Our backcountry pro Martin Chester explains how to air, wash, repair and hone your ski kit to pre-season perfection
Now is the time to get psyched and ready – for next winter will be upon us soon. And I don’t know about you, but I’ll be super keen to get skiing ASAP before any new winter-surges of Covid-19 hit the resorts! So here are some tips to get your clobber in tip-top nick, ready for the first dump of the new winter.
Assuming you fastidiously removed any old batteries over the summer, now is the time to make sure your battery compartment is clean, the terminals are shiny like new, and you have sourced a supply of enough new batteries for the coming season (buy the best brand you can afford).

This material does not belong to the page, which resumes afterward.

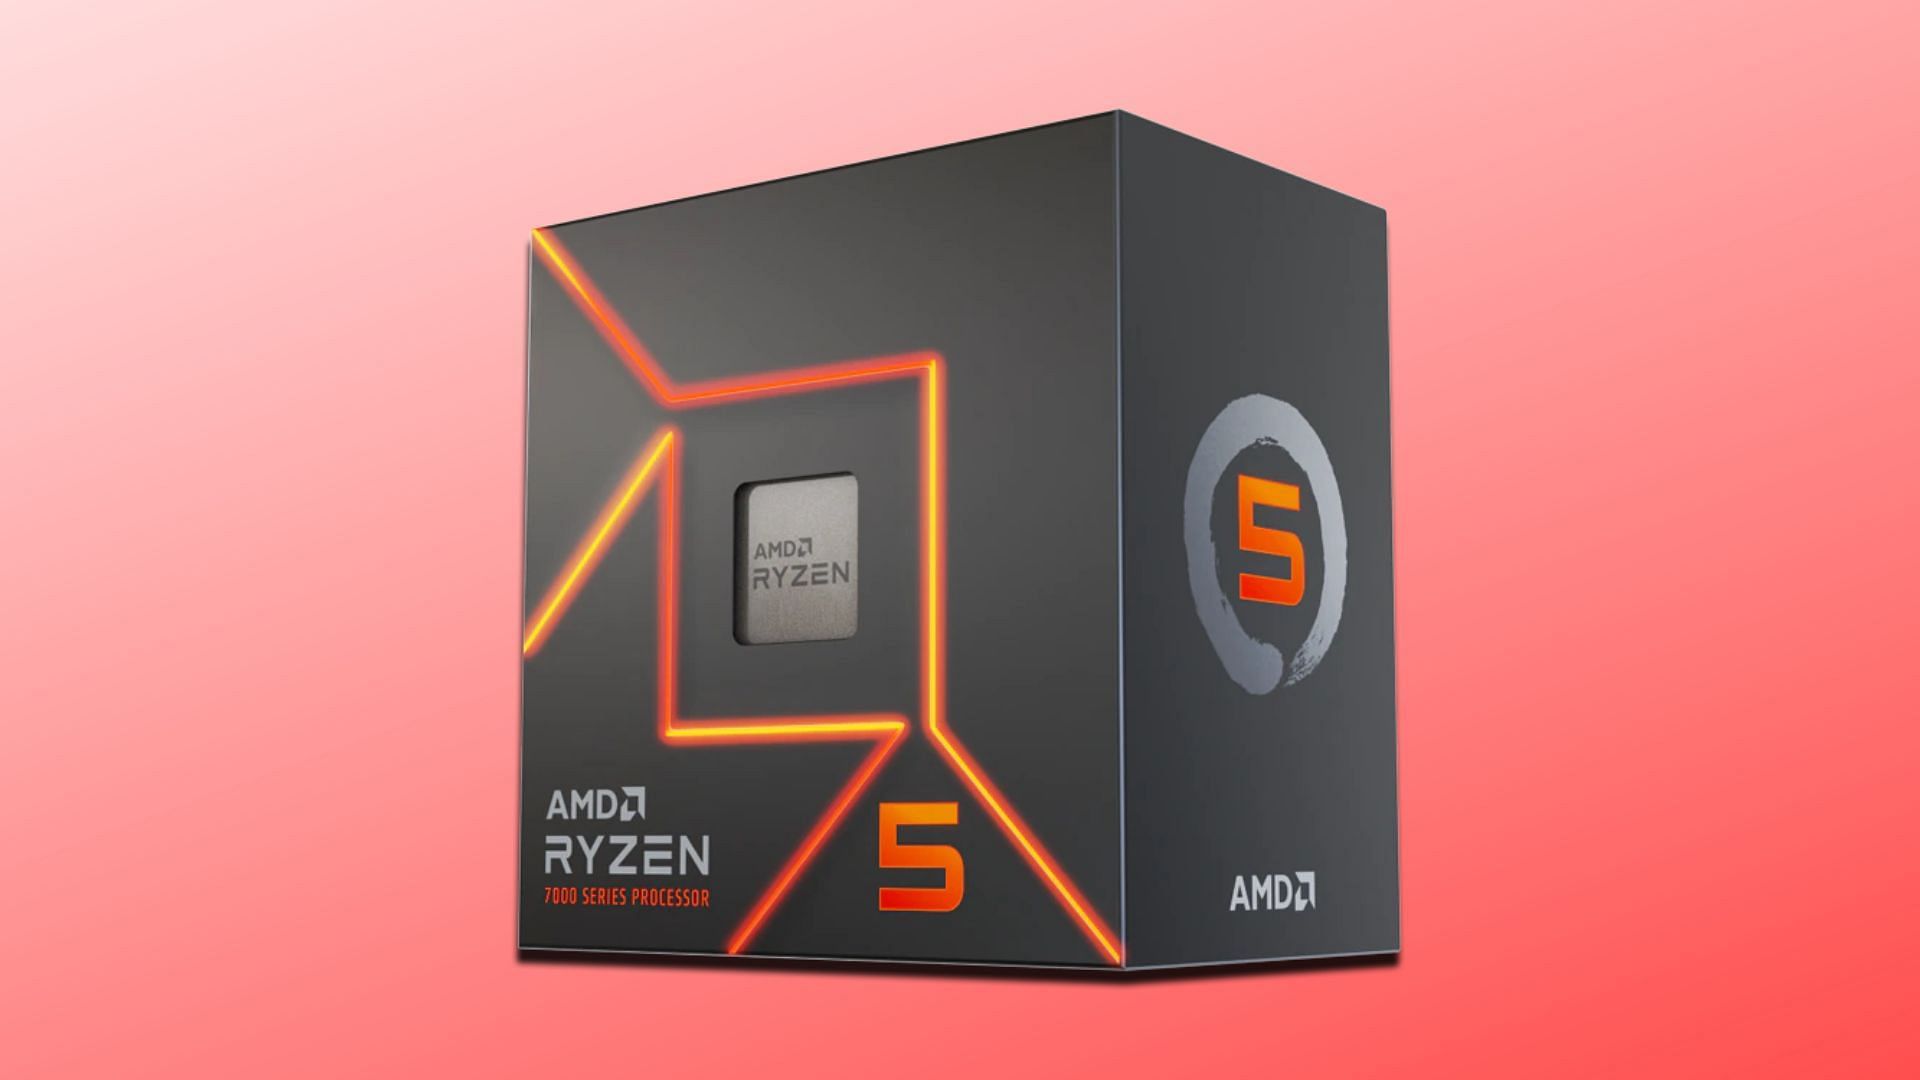 The Ryzen 5 7600 chip

Before you go shopping, check when it was last serviced and get it sent off ASAP before the season starts (we recommend having your transceiver inspected every year if you are a professional, otherwise every three years). That ensures you will be using the latest firmware updates as well as giving you confidence your beacon frequency hasn’t drifted, etc.

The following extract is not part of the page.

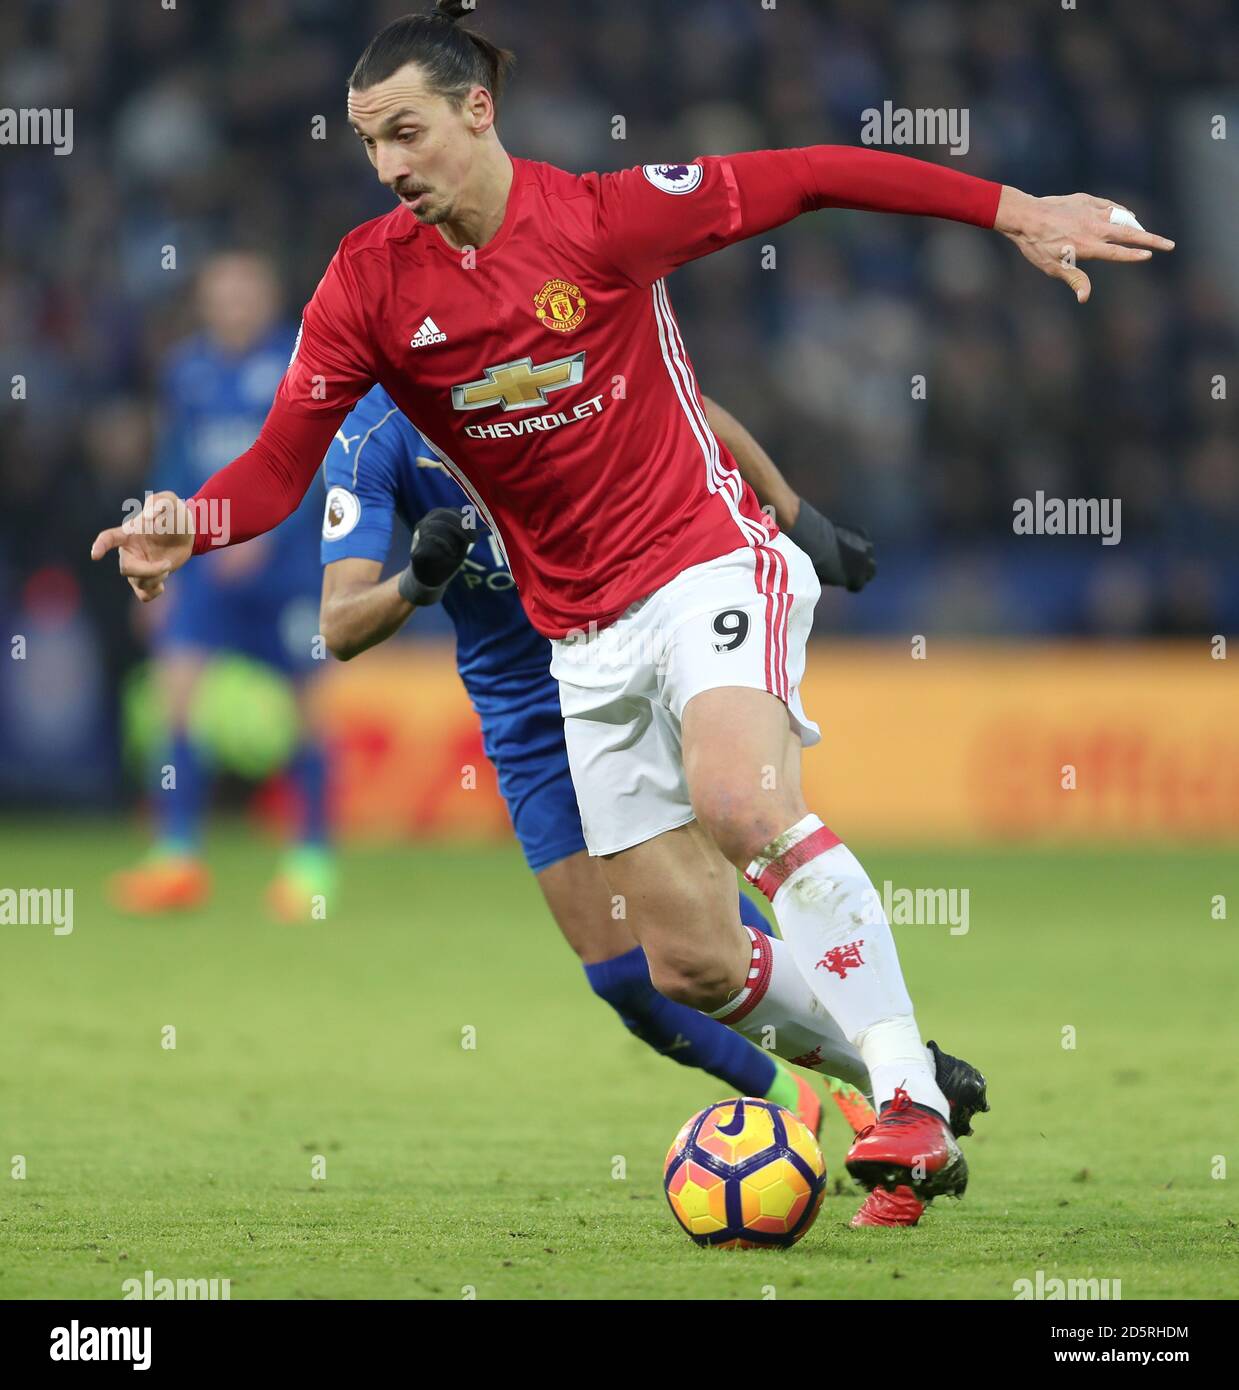 El Manchester United Zlatan Ibrahimovic en acción Fotografía de stock -  Alamy

Time for a pre-season service! We probably finished last season in warm spring conditions (and probably warm wax). We are going to start the next season in the deep cold of the darkest winter months. So if you put a protective layer on – scrape it back. If you (shame on you) left them dry and gasping for wax all summer, now is the time to redeem yourself. Either way, a good base coat of cold (blue) wax is always a good thing – if nothing else, it is harder than warm wax! Do a really thorough job and, personally, I leave the edges un-scraped until I get out to the resort for the first time. Then I can slap on a top-coat to suit the conditions, and away we go.
Of course – all this assumes you have the kit and the know-how (plus the time and motivation) to do all your own servicing.
If not, you can always drop your rig in to a reputable store for a pre-season service. Especially if you go for a place that really understands the demands of kit for touring, like Backcountry UK, Ski Bartlett or Snowtrax.
Strip back, clean up and grease them up. Hopefully you left them with the DIN settings wound right down (and all the springs relaxed) over the off-season; so the week before you go is the time to crank all that back up ready to go. We’ve all been there when we flip out of our bindings on the first run of the year having forgotten this – so just make sure you are not somewhere serious when it happens (and be sure to carry a driver)!
Lubricate the ski/walk mechanism. Check out the grey gunk you clean out of the worn aluminium fittings if you are not convinced. Re-grease or use a Teflon lube (like GT85) to keep them sweet and sure to lock every time. Whip out your liners and make sure no pesky mice or insects have been inhabiting them over the summer! It happens…
Air it; wash it; dry it thoroughly (and re-loft any insulation), then re-proof it. I was a cynic until I first tried the wash-in Nikwax products. Now I am a believer. Wash everything carefully, using Tech-Wash, to remove dirt without removing too much proofing. Then use the right product for each garment (and don’t forget your gloves – in fact, see next paragraph) to wash in and re-proof like new.
For membranes you can re-activate your DWR with a low-temperature tumble. Personally I prefer a cool iron for the sake of heat control. I always feel I will risk the shrink if the washing machine runs hotter than promised! Again, if you don’t have the time, then a number of companies offer the service to put your garments back in tip-top-nick, so check out Alpkit or Rab’s new shell-wash service.
I like leather palms. I like them even more when they don’t soak up water like a sponge. Using a tacky wax (like Nikwax or Grangers) results in a more grippy palm. Ideal for handling ropes, karabiners, or getting a grip of your axe or ski pole below the handle.
Lubricate karabiners (and any other moving metalwork) but be careful not to Teflon coat anything but the hinge mechanism, or it will be like juggling a bar of soap! Likewise, a drop of oil or grease on the teeth of your ice-screws (before they go back in the protective caps) will work wonders to keep their edge, make them faster to place, and lengthen their life.
You are going to be horrified at what you find inside extendable alloy poles. So strip them down, clean them up, and lube to protect. Grease and adjust locking mechanisms to keep them sweet and secure.
First Aid kits
The first simple cut or blister of the winter will always see me reaching for a mouldy plaster. So I have learnt to put this one on the pre-season list. However carefully you keep your kit in a dry bag, things will perish over time. This is all stuff you pack away and hope never to see again – so we don’t notice when kit goes off. The start of the season is a great time to give it all an overhaul.
The bits and bobs checklist
Just make sure you are well stocked with all the stuff you hammered and depleted last season (wax, glide wax, batteries charged). Check your goggles and glasses for scratches and look out for brittle frames and stretched straps. Got any worn zips on jackets, or broken buckles on your ski bag? Now is the time to iron out all the niggles and get psyched for the new season with a clean sheet!